### Exercise requirements
Please give the listing again in full, leaving out its images.

### Source material

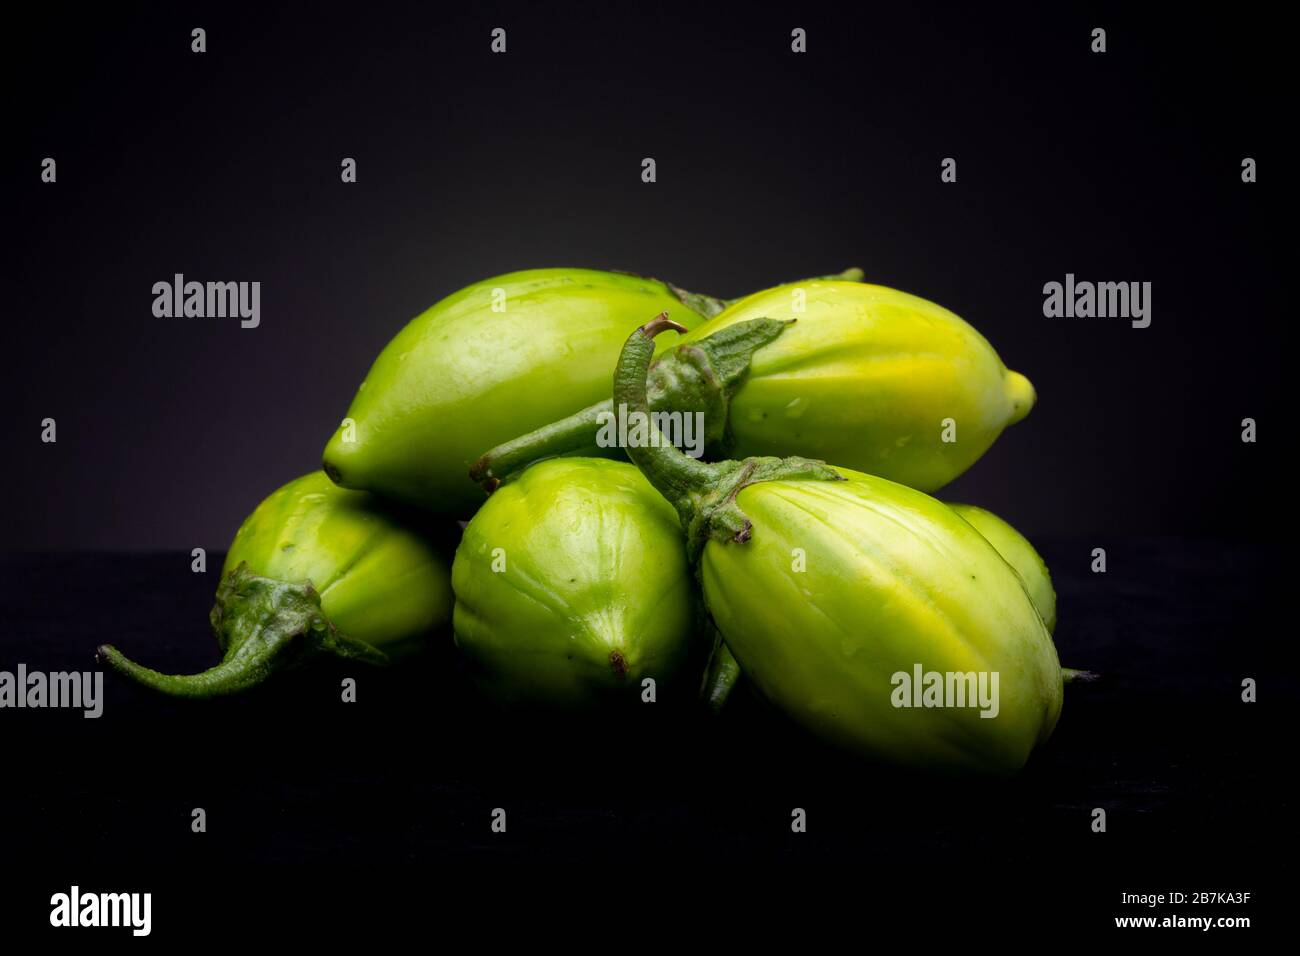 Scarlet eggplants (Jilos) – License Images – 296445 ❘ StockFood
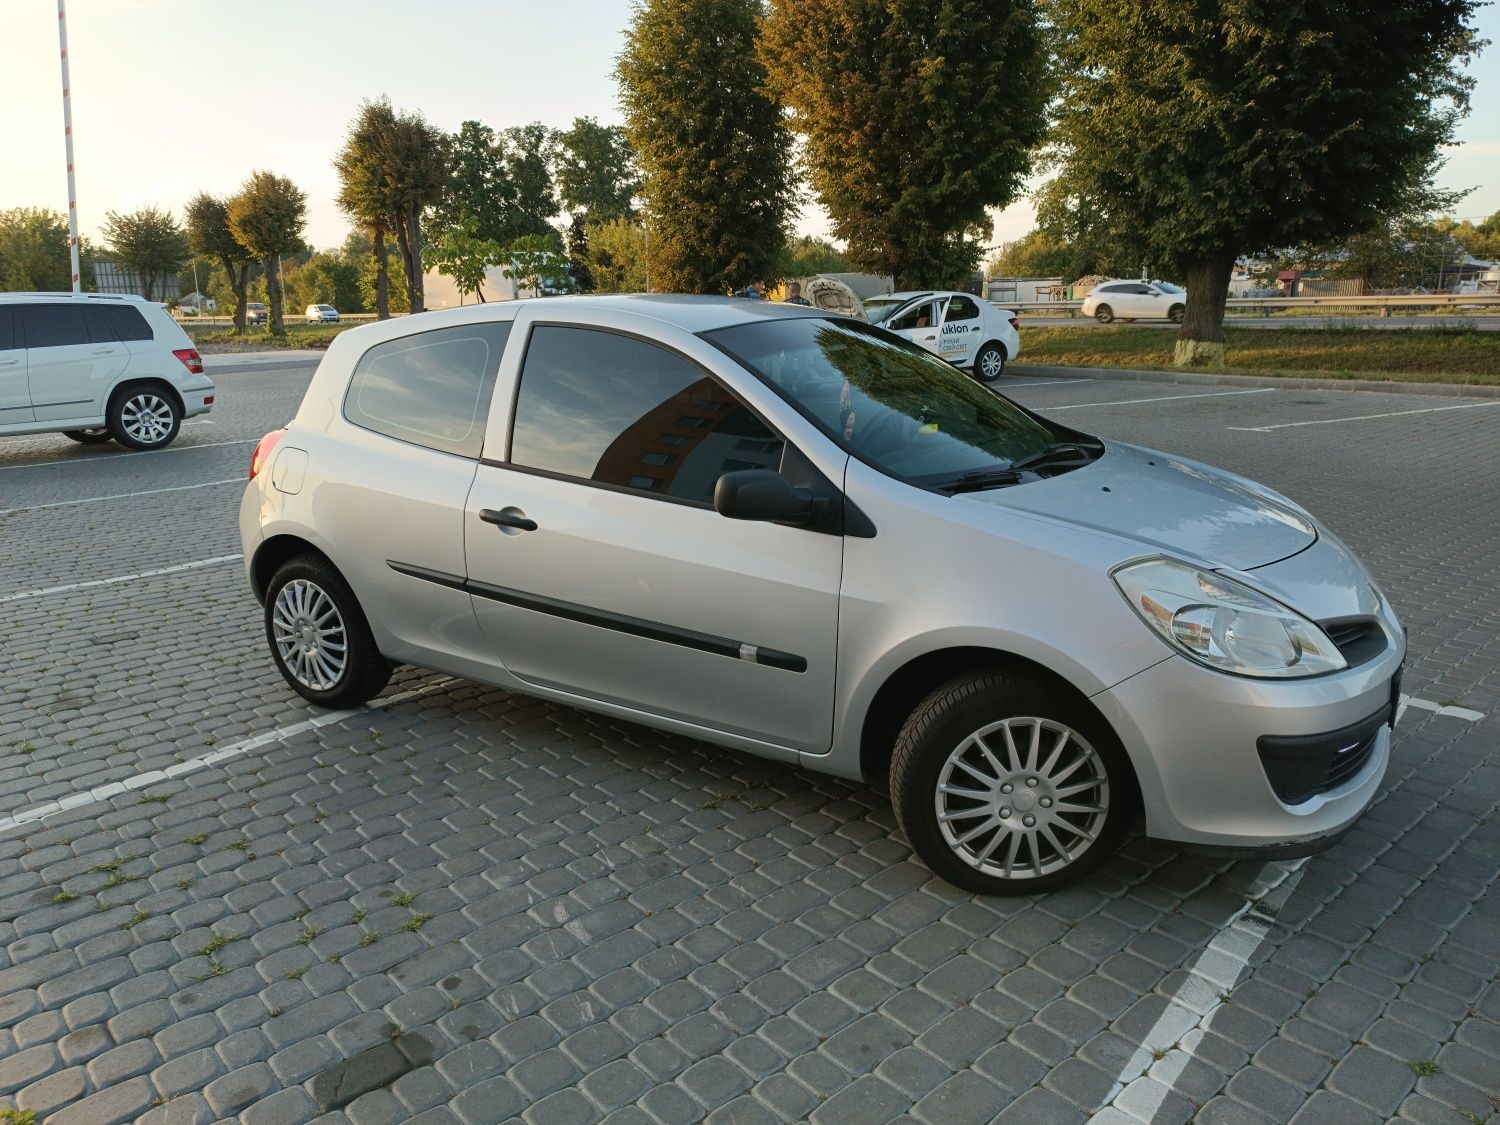 Renault Clio 2005 Europa
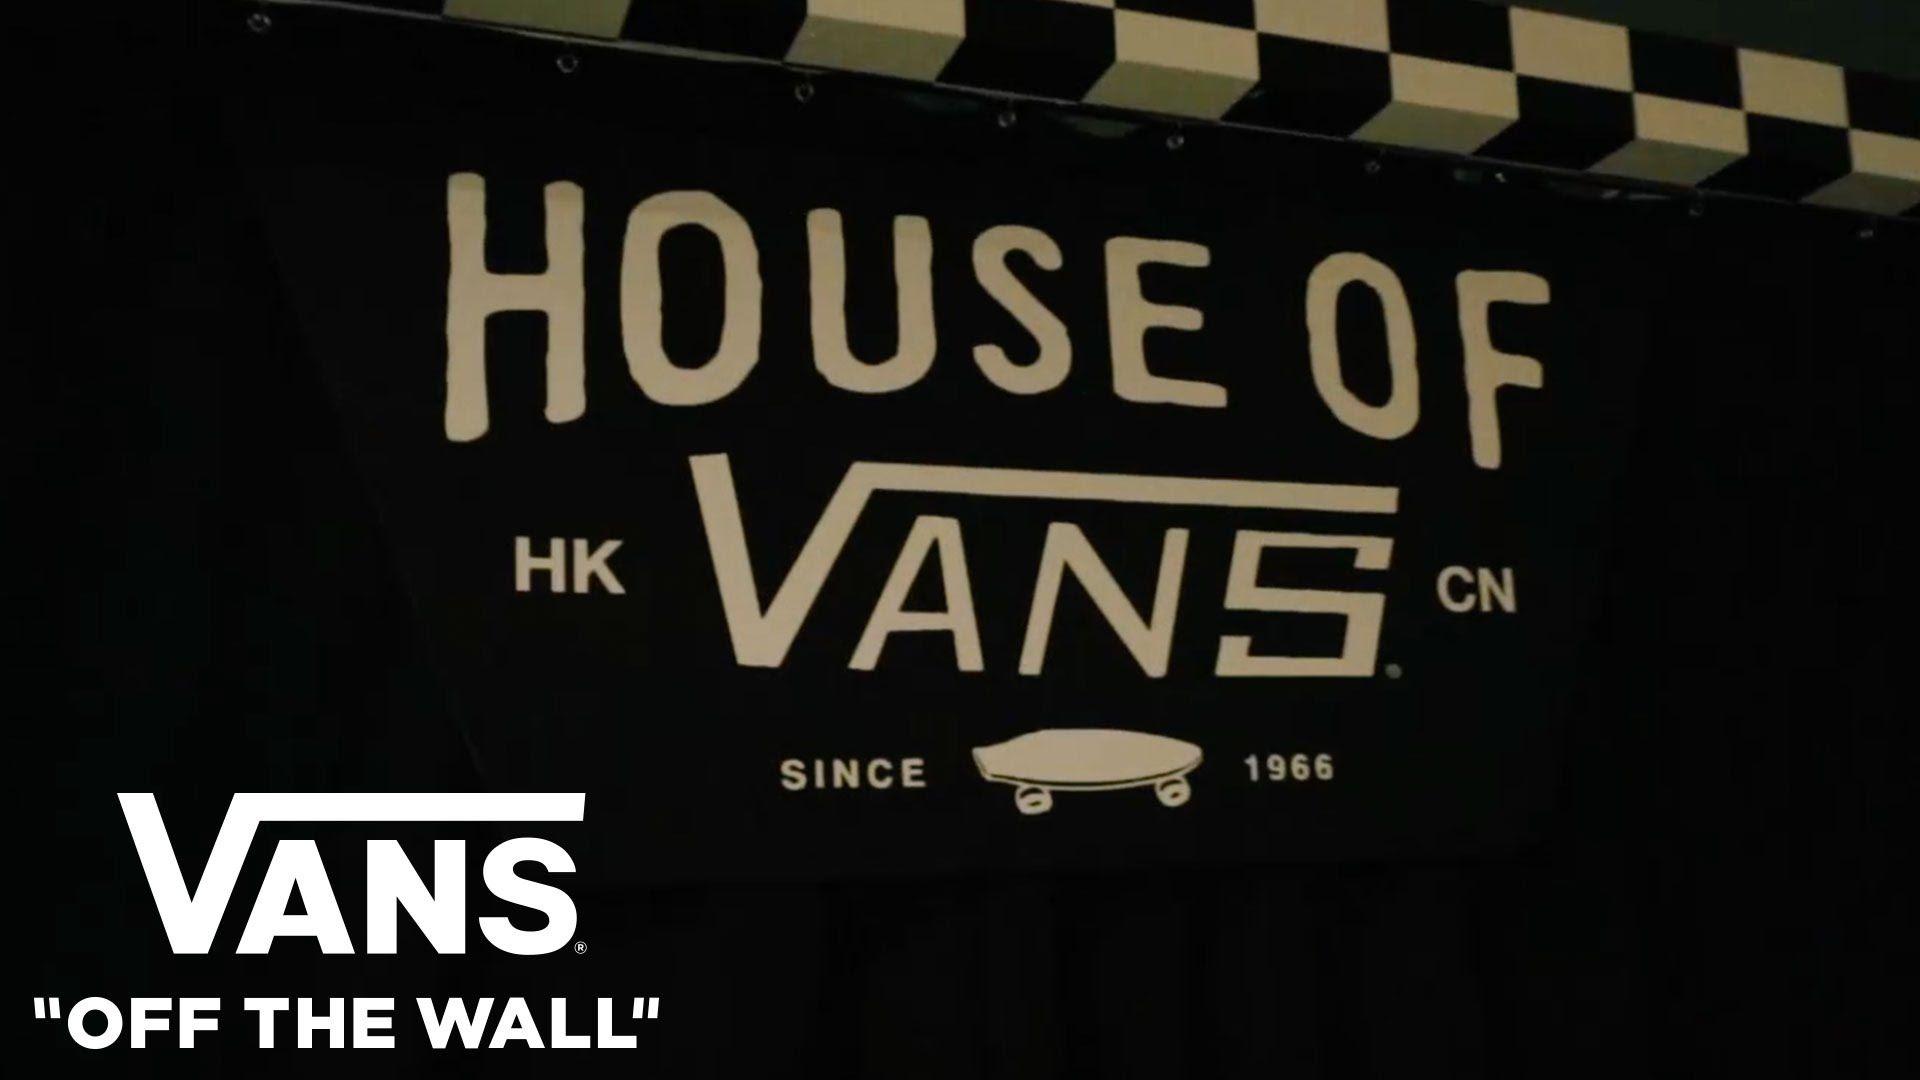 Vans 50th Anniversary Hong Kong Celebration 2016. House of Vans

### Final answer
 Scarlet eggplants (Jilos) – License Images – 296445 ❘ StockFood
 Renault Clio 2005 Europa
 Vans 50th Anniversary Hong Kong Celebration 2016. House of Vans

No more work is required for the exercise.